Amerika ve İsrail’in Lübnan’a saldırmak gibi tehlikeli bir hedefi. Bu nedenle son sözü Maidan’ın söylediğini ve diğer her türlü hamleyi güvenle yapabileceğini söyleyebiliriz. Düşmana karşı zafer hedefinden uzak sözler kabul edilemez ve çabuk yargılanmamalıdır. Ayrıca herkes şunu anlamalıdır ki, Siyonist rejimin Lübnan’a yönelik mevcut saldırısı sadece ülkenin Gazze direnişine verdiği desteğe bir yanıt değildir. Siyasi stratejik değerlendirmelere göre Amerikalı ve Siyonist partiler, Lübnan’a hakim olma projelerini hayata geçirme arayışındadır. Bölgenin tamamında yıllardır aktif olan tüm direniş hareketlerinin yok edilmesi ve ardından Arap ülkeleri ile İsrail arasındaki normalleşme anlaşmalarının genişletilmesi, bu rejimin bölgedeki işgalini sağlamlaştırması ve genişletmesi ve en önemlisi bir acil ihtiyaç var. Arap-İsrail koalisyonu İran’ın yaratılmasına karşı; Çünkü İran, bölgedeki Amerikan-Siyonist kibir projesine karşı mücadelede okun ucudur.

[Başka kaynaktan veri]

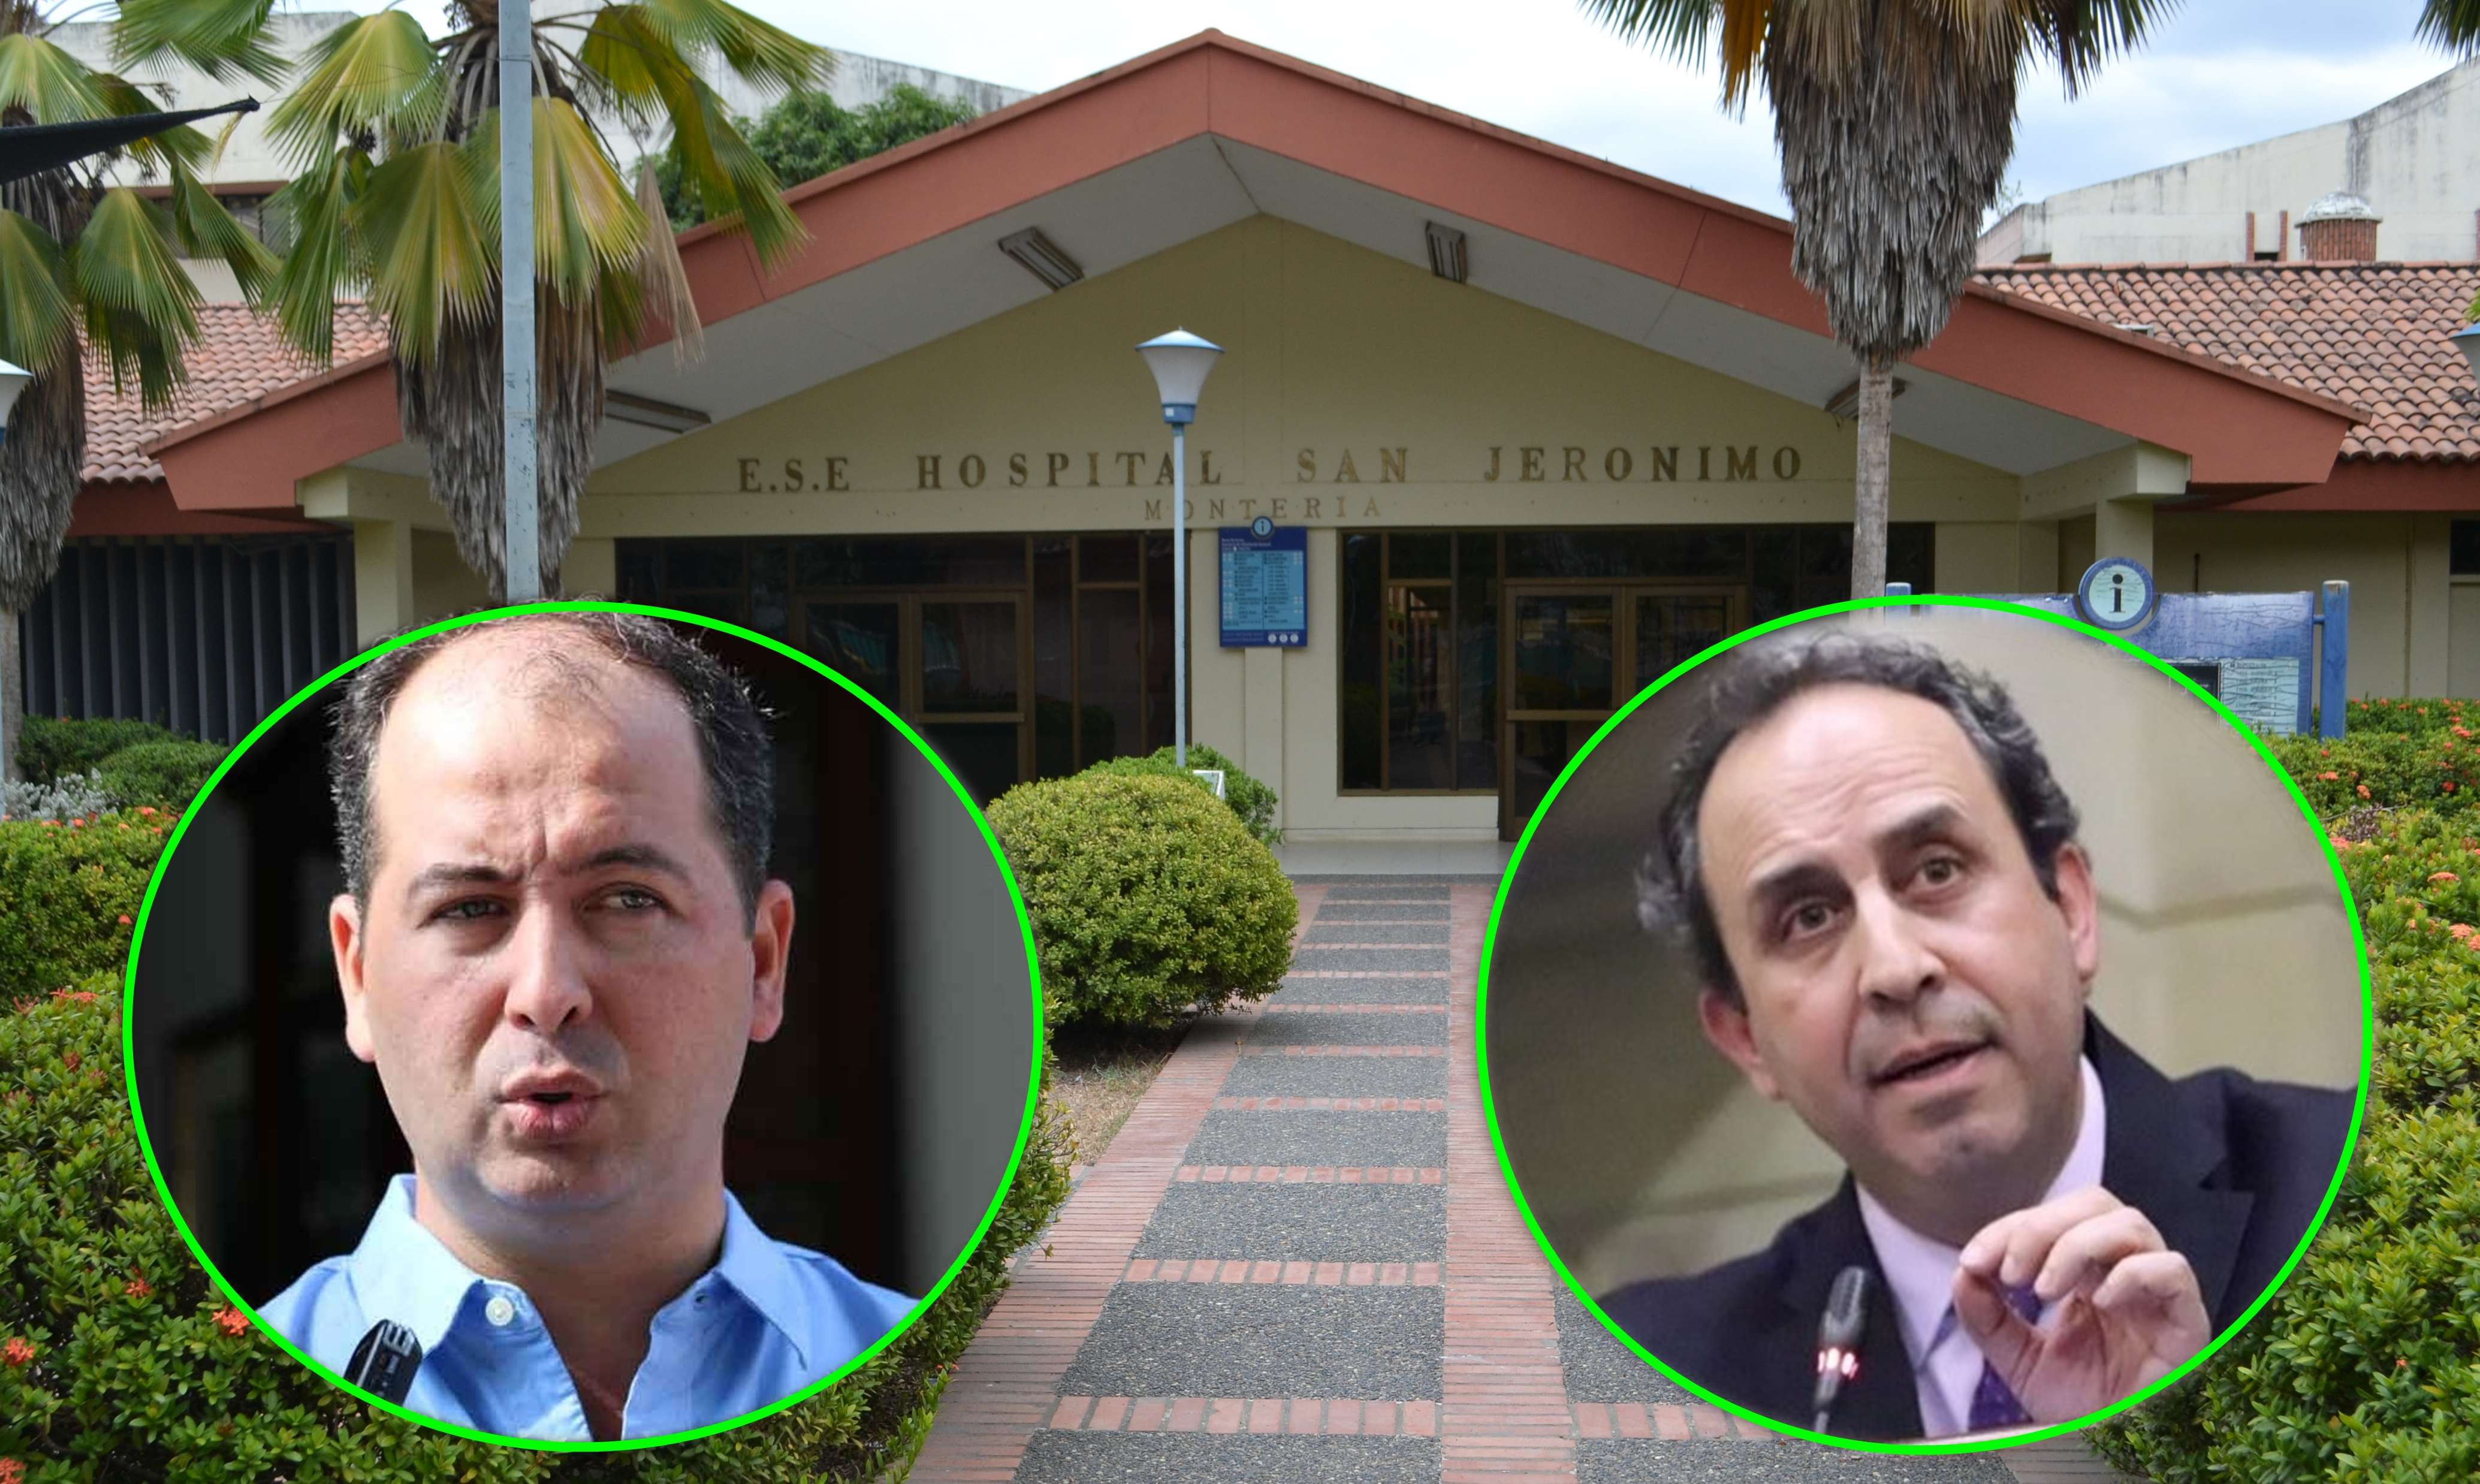 Los secretos del Supersalud y  el alcalde Marcos Daniel: unos socios que van por el Hospital San Jerónimo

Direniş; Amerika ve İsrail’in tüm bölge için tehlikeli planına karşı güçlü bir engel.
Siyonist ve destekçileri.
Dolayısıyla Mohammad Raad’ın bu kesin sözlerinden şunu anlayabiliriz: Bölgedeki tüm Arap ülkeleri uyanık olursa, İsrail ile Amerika arasındaki bugünkü savaşın sadece Lübnan veya Gazze ile yapılan bir savaş olmadığını anlayacaklardır. Aksine bu savaş, bölgeye hakim olma ve İsrail işgalini Nil’den Fırat’a kadar tüm Arap ülkelerine ve hatta uzlaşma ülkelerine yayma yönündeki daha büyük ve tehlikeli bir projeyle paralellik göstermektedir. Dolayısıyla bölgedeki Siyonist işgale karşı mücadele, bugün bu görevi üstlenen tek direniş ekseni olan Arapların ve Müslümanların ortak görevidir. İsrail, direnişe büyük bir darbe indirecek ve hatta hedeflerinin çoğunu uygulayacak sürpriz bir komploya sahip olabilir, ancak Filistin direnişinin önleyici saldırısı Tel Aviv ve Washington’un tüm kartlarını alt üst etti ve İsrail’in birçok ülkeyi yıpratma savaşına saplanmasına neden oldu. herhangi bir zafer şansı olmadan ve/veya işin dışında kalma ihtimali olmadan.